The only time I felt anything anymore was when I was slashing my skin to pieces. Afterwards collapsing  on the floor sobbing. The slowly the emotions would slip from my grasp again. I was like a zombie I would just slip into this state. I would mechanically clean up the blood dress the wounds and then start cleaning the house.

My parents ended up finding out and they took it surprisingly well to begin with, but then the cracks began to show again. I saw a counsellor who helped me alot, but I had to hit rock bottom first.

I ceased to really exist I got really sick with a chest infection for 10 months. I have about 3 months of my life where I don't really remember much. I found myself spending hours staring into nothing. The scars got continually deeper, I had to get rushed to hospital twice in one week. I just didn't care about anything least of all myself. I dropped out of sixth form as I mucked up my coursework, in all my subjects but history which i strangely continued. I slept all the time or not at all. I was completely fucked up. I even cut all my hair off because it was just too much hassle.

The turning point came when I decided I was going to give myself one last scar and it might as well be a pretty one.
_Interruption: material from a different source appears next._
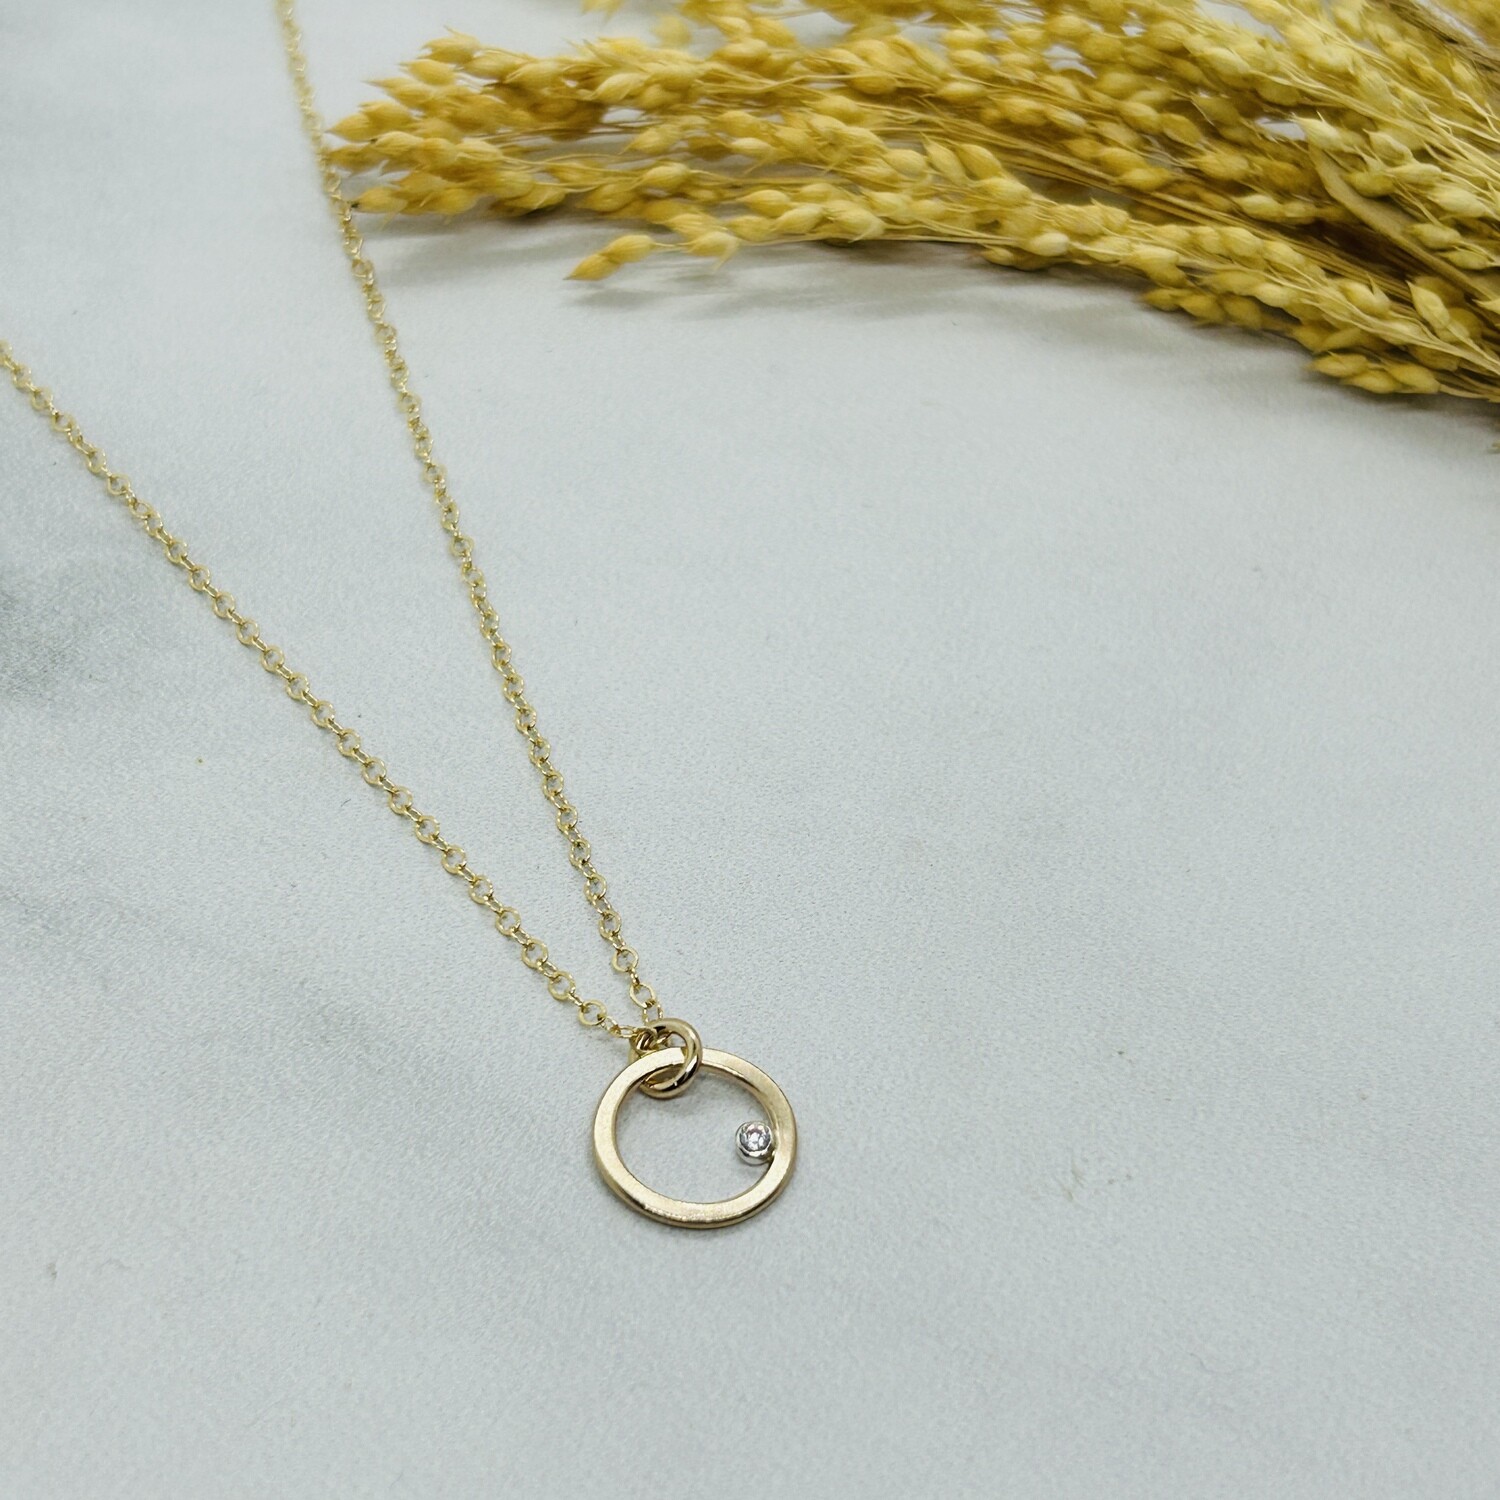 Handmade Hammered 14kt goldfill circle with 2mm faceted white cz on 14kt goldfill chain necklace – 17 inches plus 2″ adjustable extender

So I got a tattoo that is so daft and represents all I want to be. Whenever I want to cut I think of it and smile. I still want to cut. Oh God do I want to cut with the way my life is right now, but I have to remain strong.

It's been such a great year since I got my tattoo, 1 year since I've spilt blood. But I think this families cursed. A month a go my sister got raped by a childhood friend of both of ours, he violated her in the worst possible way. She doesn't want to press charges, and now she's acting as if nothings happened. My entire family have turned into the Waltons and I seem to be the only ones whose angry about all this.  I've never felt such hate for anyone. How could he? He's known since she was a baby, she's virtually family to him and he could do that to her!!How I don't understand. She's my baby sister and she's suffered two sexual assaults. How much more will she have to go through? She doesn't deserve this, no one does.
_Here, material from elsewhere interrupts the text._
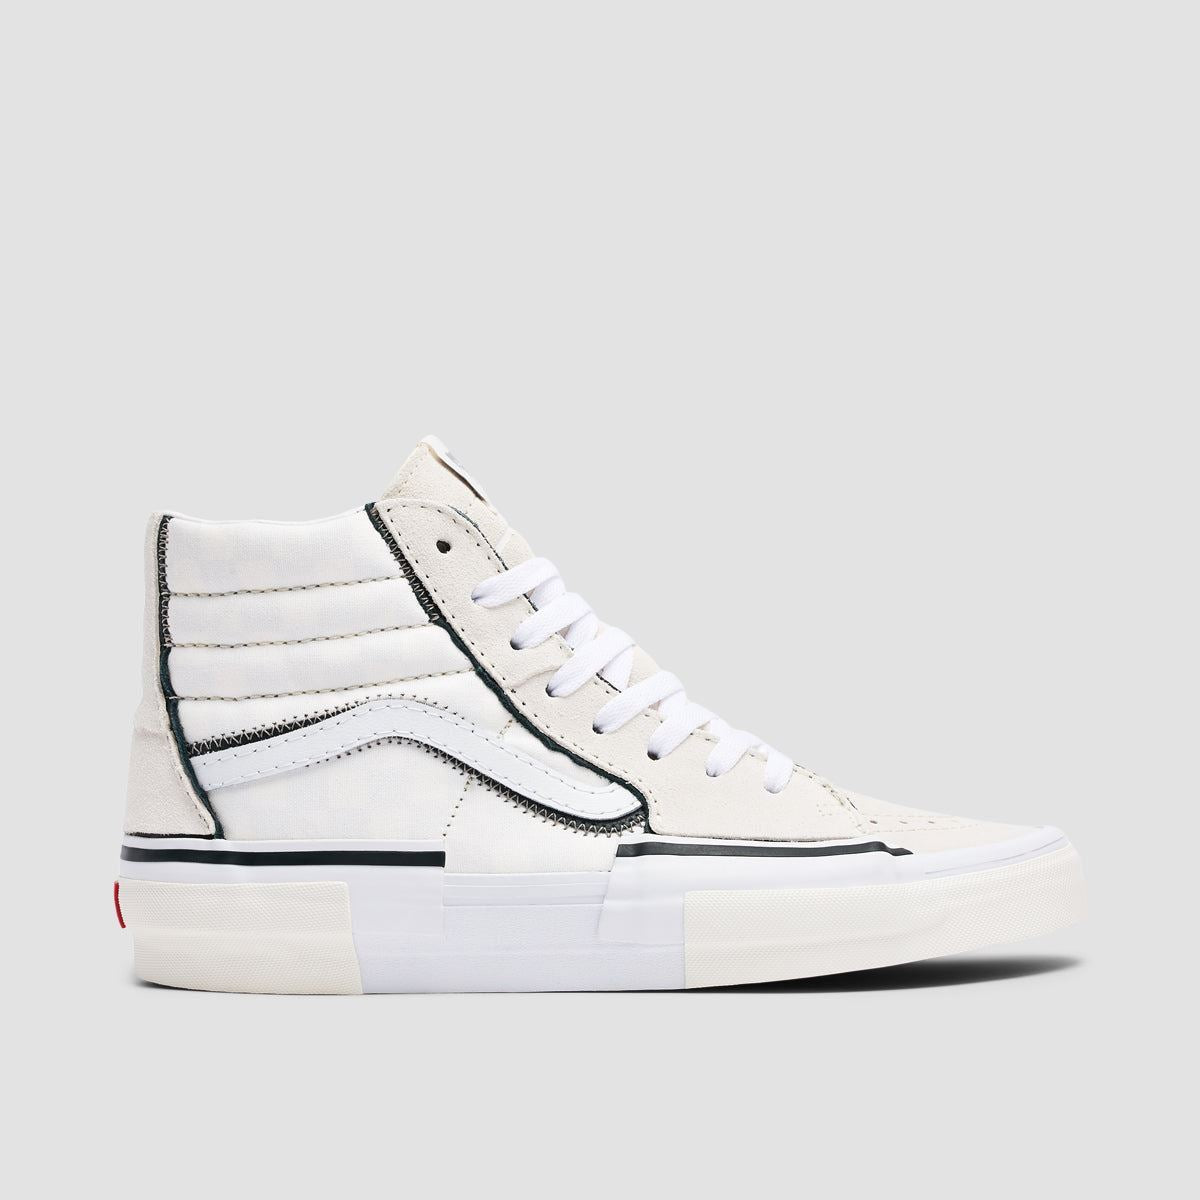 Vans Sk8-Hi Reconstruct High Top Shoes - Marshmallow/White

So now I can't sleep. I have so much anger and rage boiling away, and I'm haunted  about cutting myself all the time again. ARGH! Will life just never go right for my family? Haven't we gone through enough?

31st October 2003

Life for once in all respects is normal. My parents are fine, my sister is doing so much better and we can actually afford to live where we do for a change.
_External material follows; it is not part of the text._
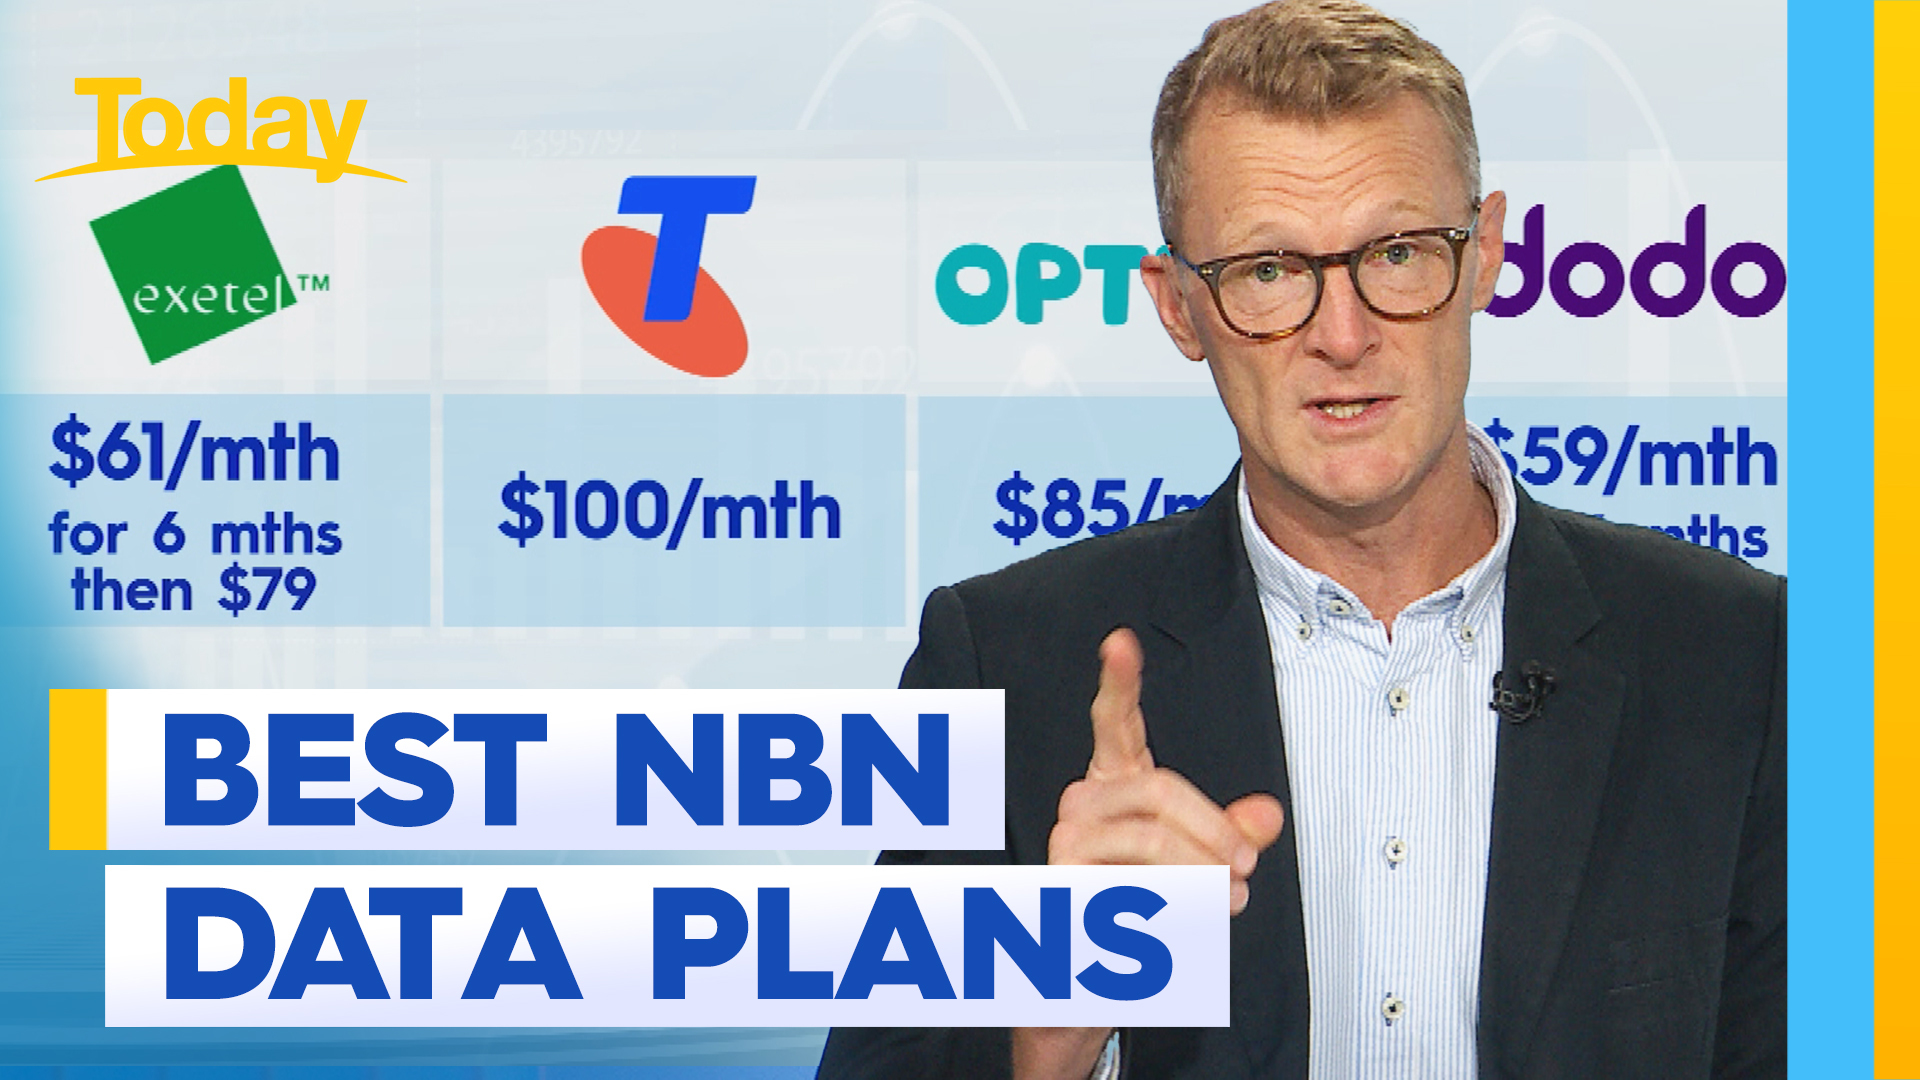 Best NBN data plans for your home

Nothing happened to the bastard that violated my sister, in fact my parents still mention him in casual conversation about what he's been upto as though he still the nice boy next door. I found out a few months back that shortly afterwards that his girlfriend dumped him, and he got deeply involved in smack. Unfortunately she took him back even knowing about the rape because he convinced her that my sister made it all up, though that contradicts his claim he could remember nothing of that night somewhat. It's amazing he's so innocent but he daren't speak to me or even look at me if we pass in the street. Another unfortunate thing is I promised my sister that I won't push the issue with him. After he's ignored  her lack of consent as well as being under the legal age, to go against her wishes...I can't do it.